Lemon Rosemary Shortbread Cookies [Vegan & Allergy-Friendly]

Lemon Rosemary Shortbread Cookies are delicious, take only one bowl, and are free of gluten, animal products, and all major allergens!

  • Author: Robby Burroughs
  • Prep Time: 5 minutes
  • Cook Time: 45 minutes
  • Total Time: 50 minutes
  • Yield: 50 minutes 1x
  • Category: baking
  • Cuisine: vegan




250 grams of major-allergen-free flour, such as Pillsbury Gluten-Free All Purpose Flour Blend

100 grams of powdered sugar

1 tablespoon of finely-chopped fresh rosemary

Zest of 1.5 lemons

⅛ tsp fine salt

⅔ cup of canola oil


100 grams of powdered sugar

Zest of ½ lemon

Juice of ½ lemon


Preheat oven to 325 F. Grease an 8×8 glass pan with canola oil.

In a large mixing bowl, add your dry ingredients (allergen-free flour, powdered sugar, chopped rosemary, lemon zest, and salt) and combine thoroughly with a whisk.

Add canola oil to the dry ingredients and mix just until the dough comes completely together.

Pour dough into greased pan and flatten to uniformity across the entirety of the pan. Using a fork, poke holes across the whole the top of the shortbread (this keeps it from puffing oddly).

Bake at 325 for 40-45 minutes, until the edges that can be seen through the side of the pan just start to turn golden-brown.

While the shortbread is baking, add 100 grams of powdered sugar and zest of the remaining ½ of a lemon to a small mixing bowl, and combine with a whisk or spoon. Then, slowly start adding the freshly squeezed lemon juice to the bowl, stirring constantly. Add just enough juice to get to desired texture (mine ended up being most of the ½ of the lemon).

Once the edges of the cookies are starting to brown, remove the pan from the oven and let the shortbread cool in the pan for 20 minutes.

Once the shortbread has cooled, use a bench scraper or sharp knife to cut the shortbread into desired shapes, and remove the shortbread from the pan onto a serving plate.

Drizzle the icing onto the shortbread cookies, as much as desired.


Please note that we’ve given some of the measurements in this recipe by weight only, instead of also in volume (cup measurements).
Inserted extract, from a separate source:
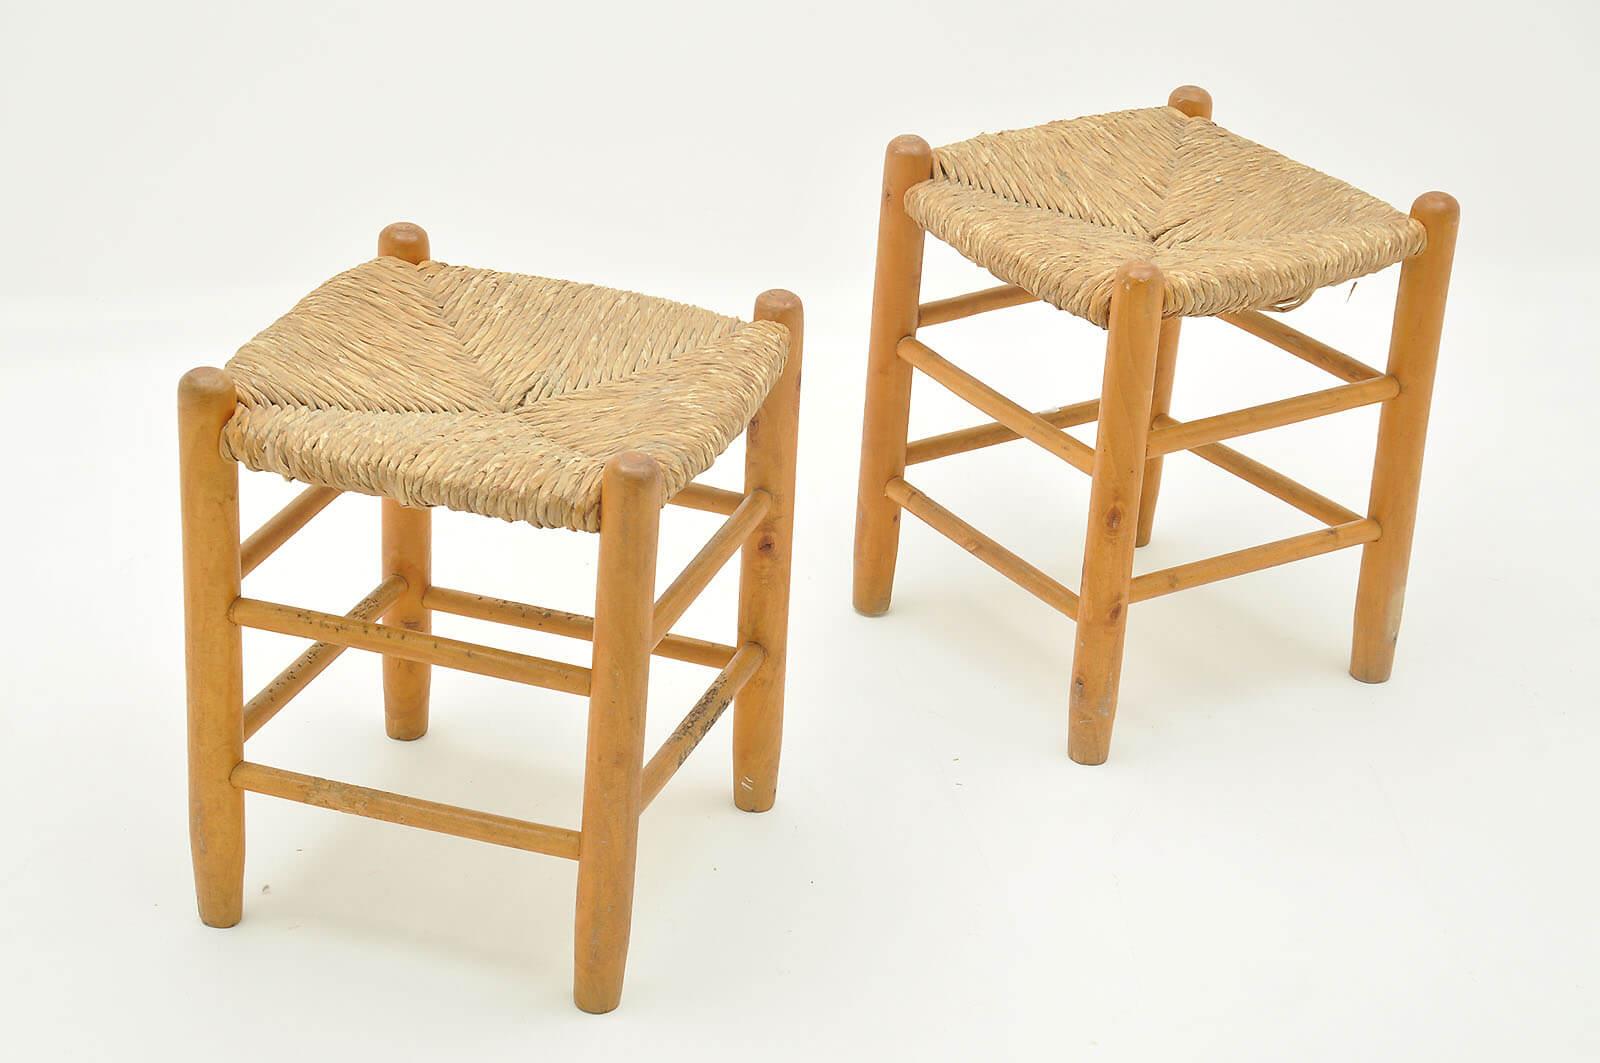 Pair of Wood and Staw Stools by Charlotte Perriand for L'équipement de la Maison 5

That’s because gluten/allergy-free flours vary widely, so weight is a much more reliable measure.

We tested this recipe using Pillsbury Gluten-Free All-Purpose Flour Blend, so using another flour may lead to variations in baked texture.

As an alternate to cutting the cookies after the fact, you can score the dough into your desired cookie shapes before it goes into the oven. You’ll still need to actually cut the baked cookies with a knife or bench scraper.